• [Your task]: A faithful repeat of all the records, with no image kept, is the required answer.

* * * * *

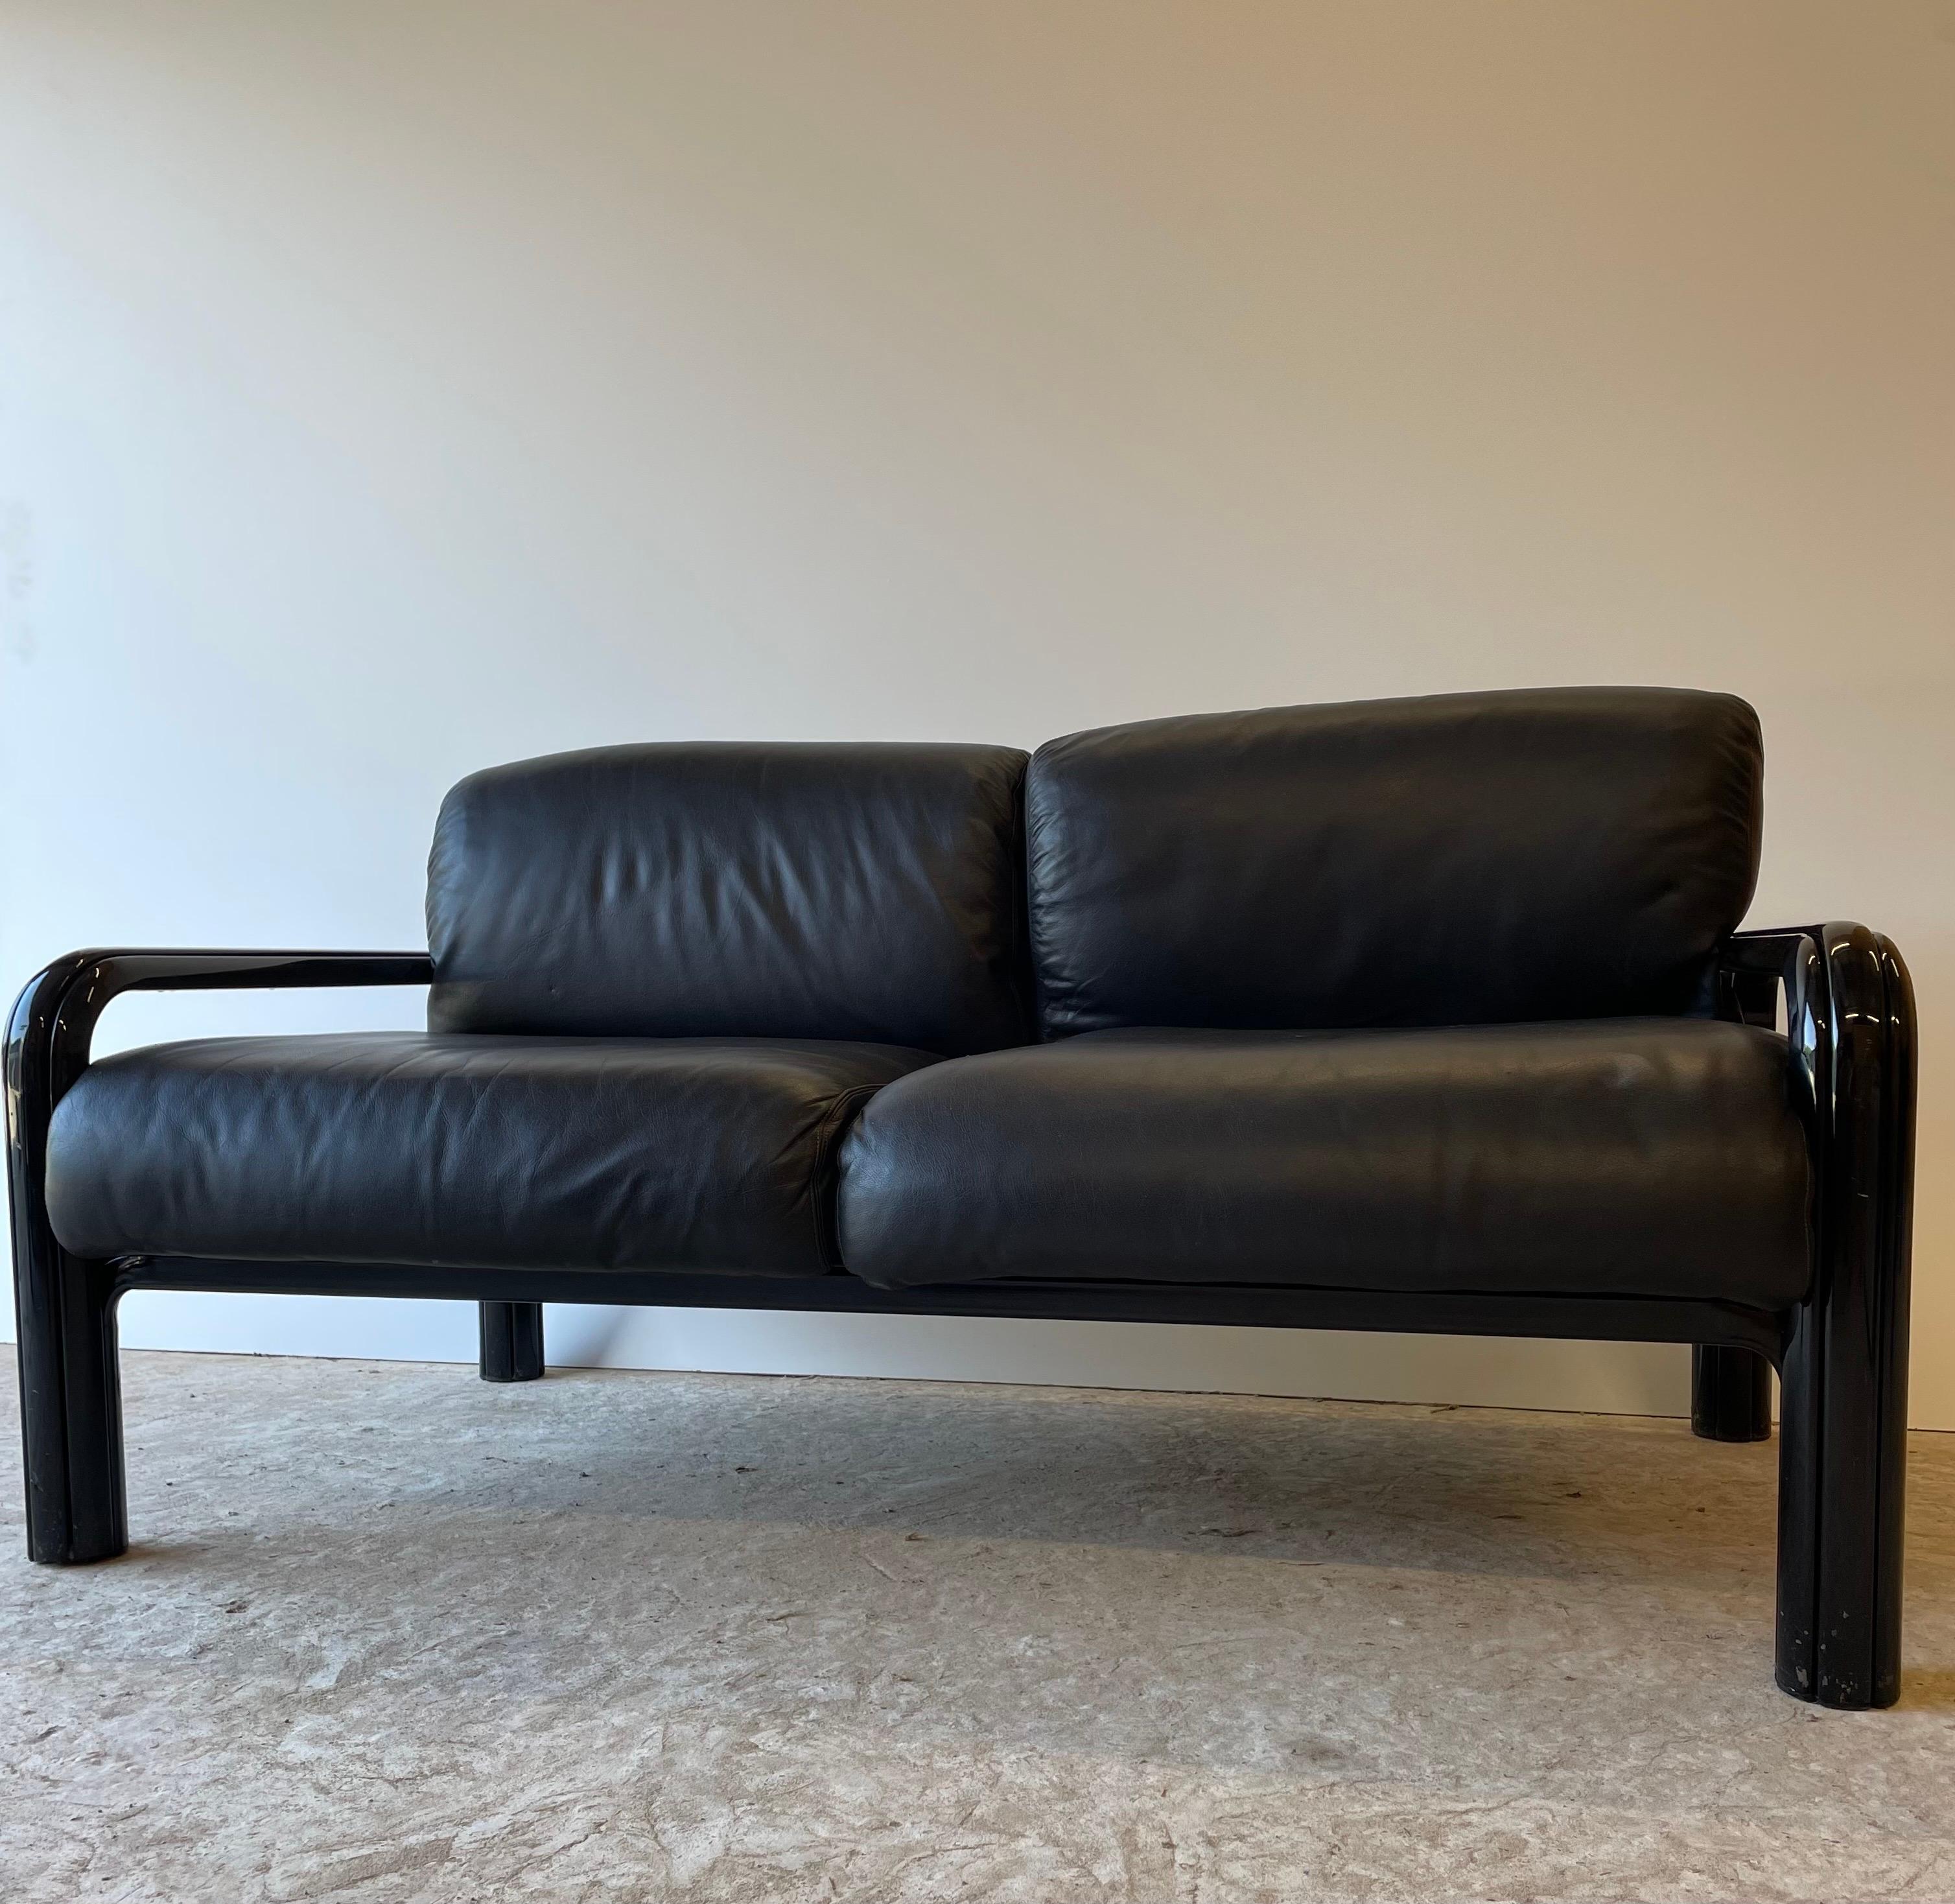 Was für ein Fund! Dieses Sofa ist eine absolute Rarität. Liebhaber erkennen es sofort, den Love Seat von Gae Aulenti. 

Das Sofa befindet sich im Originalzustand und wurde 1970 hergestellt.
Wie auf den Bildern zu erkennen ist, befindet sich der
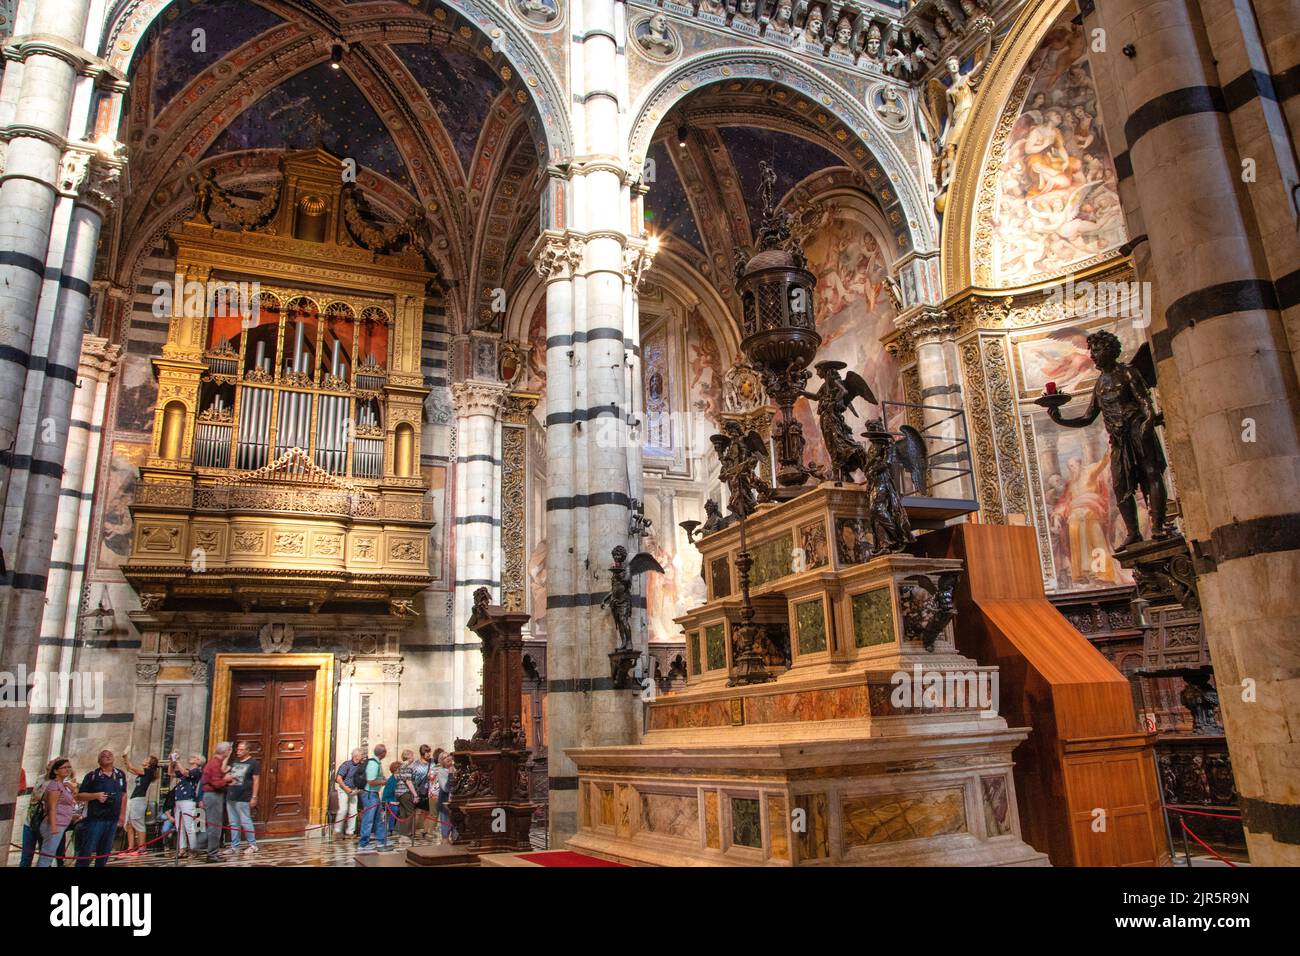 Der Sienna Kathedrale oder die Kathedrale Santa Maria Assunta in Siena, Italien. Stockfoto
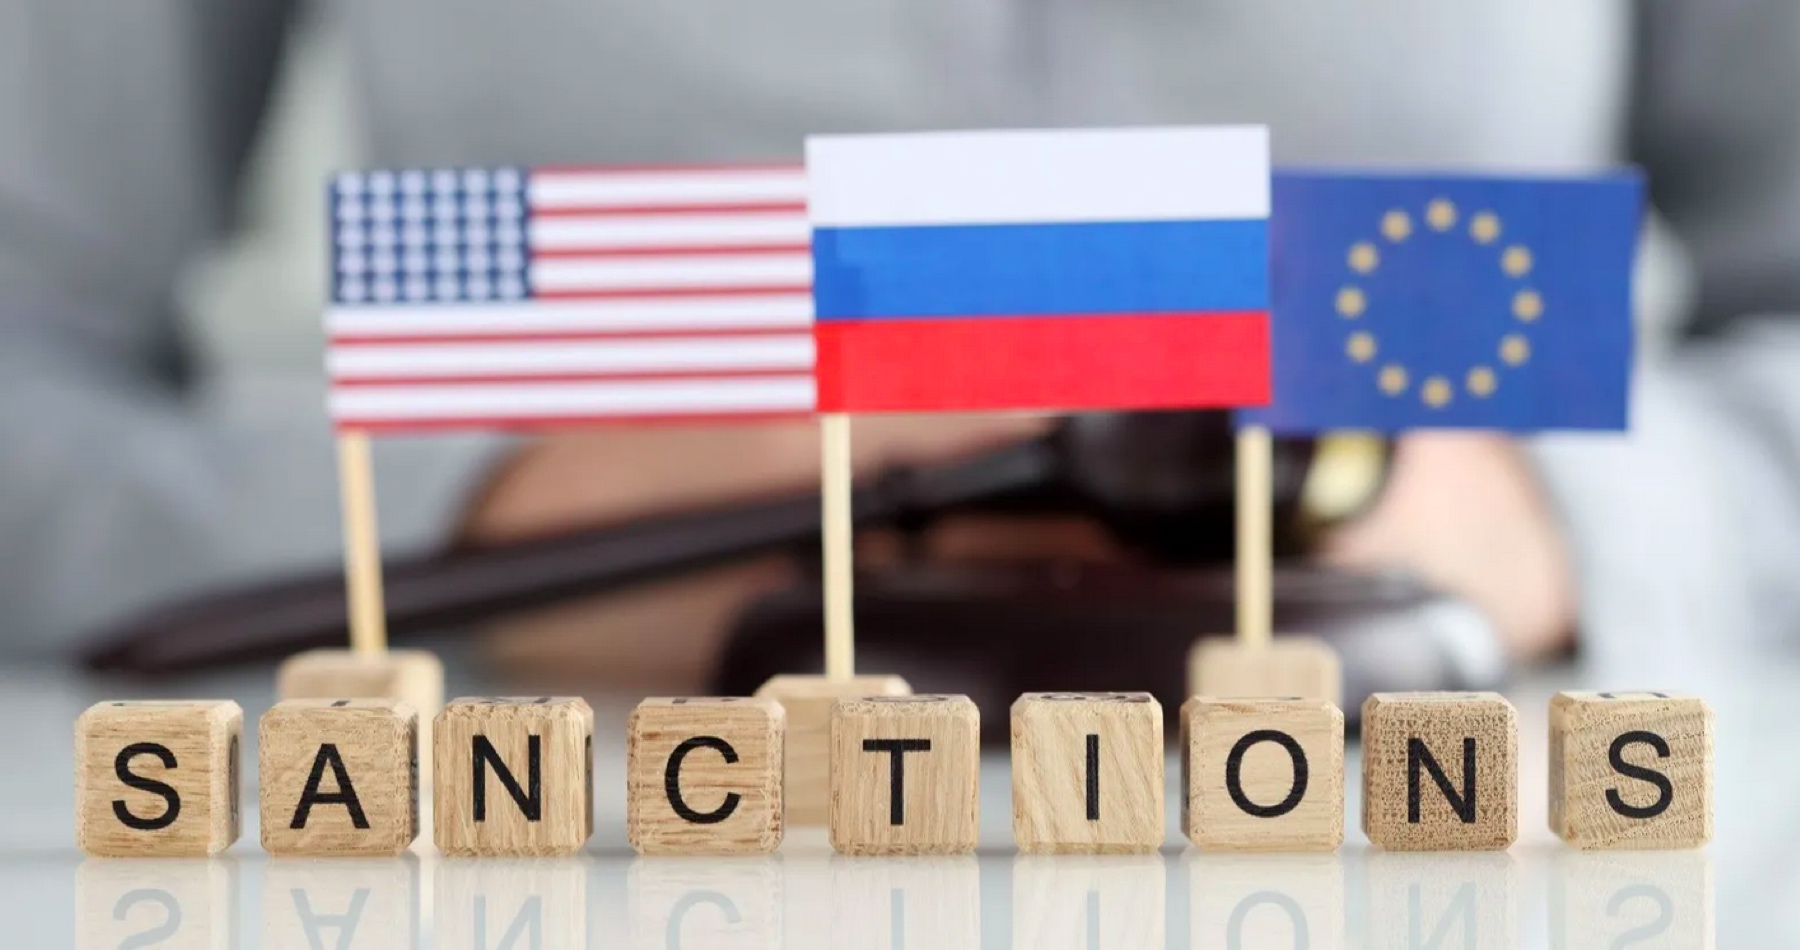 Sankcie sú pozvánkou na odvetu. Rubeľ silnie bok po boku s Putinom, píše The Guardian
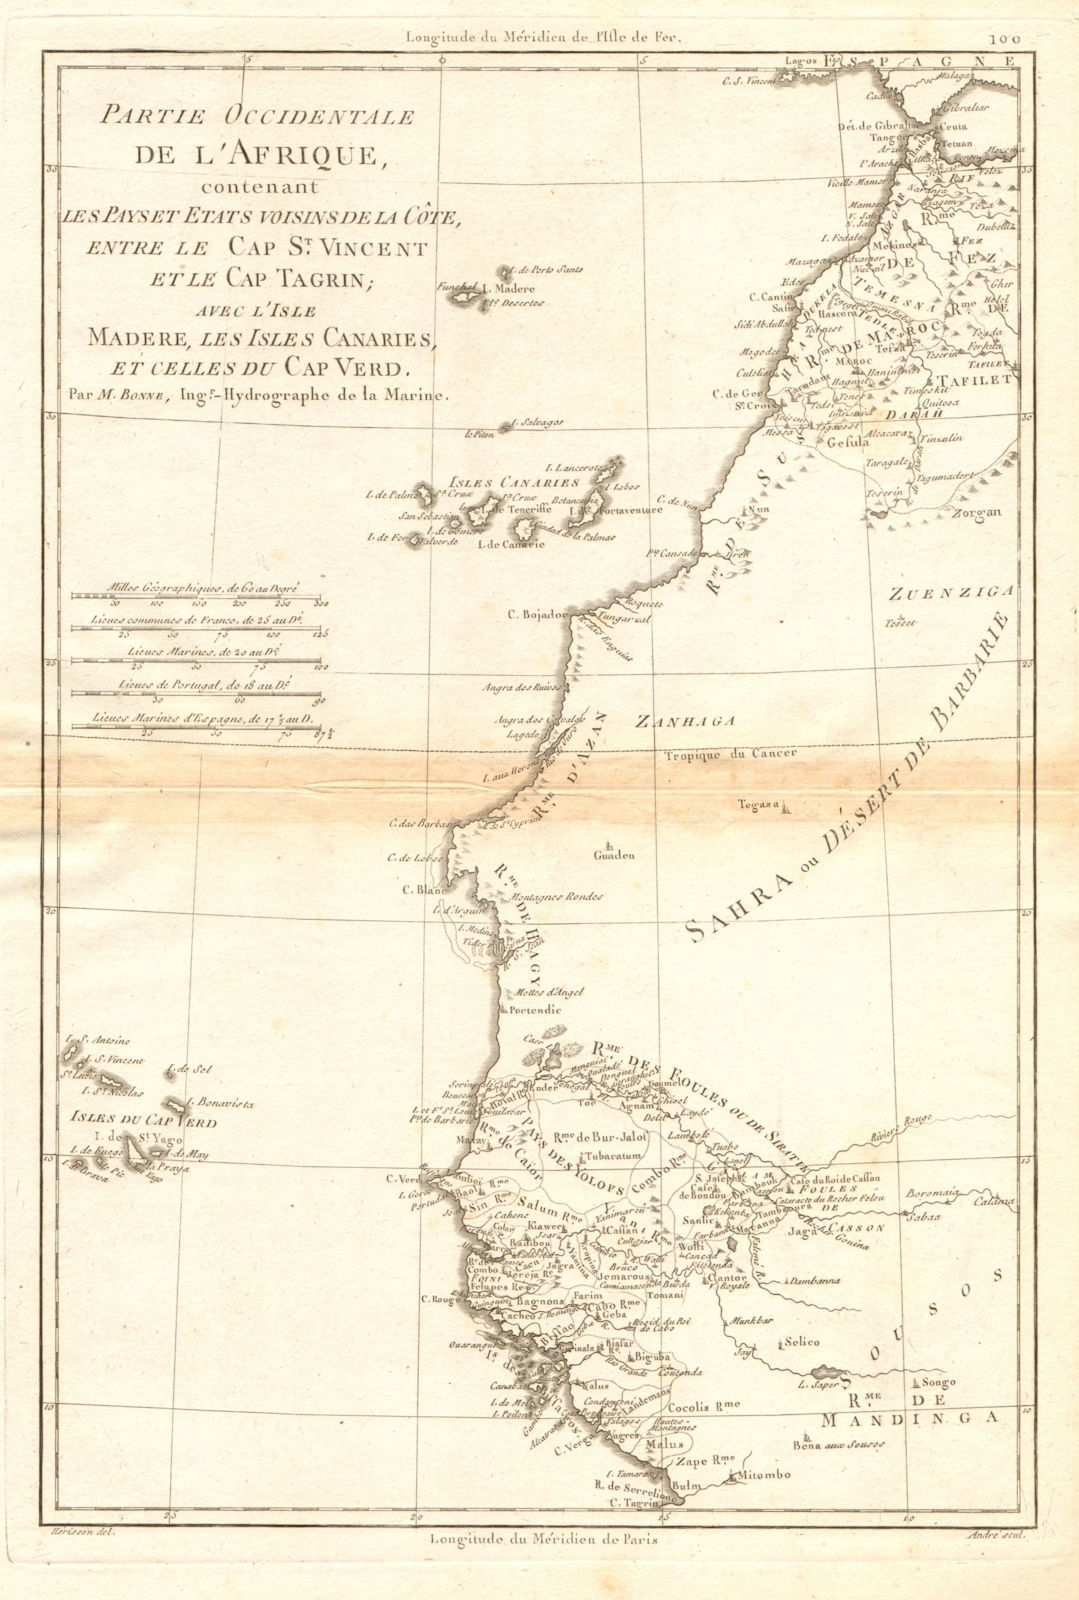 Associate Product Partie Occidentale de l’Afrique. West Africa coast Canary islands BONNE 1788 map

* * * * *

• [Response]:
 Was für ein Fund! Dieses Sofa ist eine absolute Rarität. Liebhaber erkennen es sofort, den Love Seat von Gae Aulenti. 

Das Sofa befindet sich im Originalzustand und wurde 1970 hergestellt.
Wie auf den Bildern zu erkennen ist, befindet sich der
 Der Sienna Kathedrale oder die Kathedrale Santa Maria Assunta in Siena, Italien. Stockfoto
 Sankcie sú pozvánkou na odvetu. Rubeľ silnie bok po boku s Putinom, píše The Guardian
 Associate Product Partie Occidentale de l’Afrique. West Africa coast Canary islands BONNE 1788 map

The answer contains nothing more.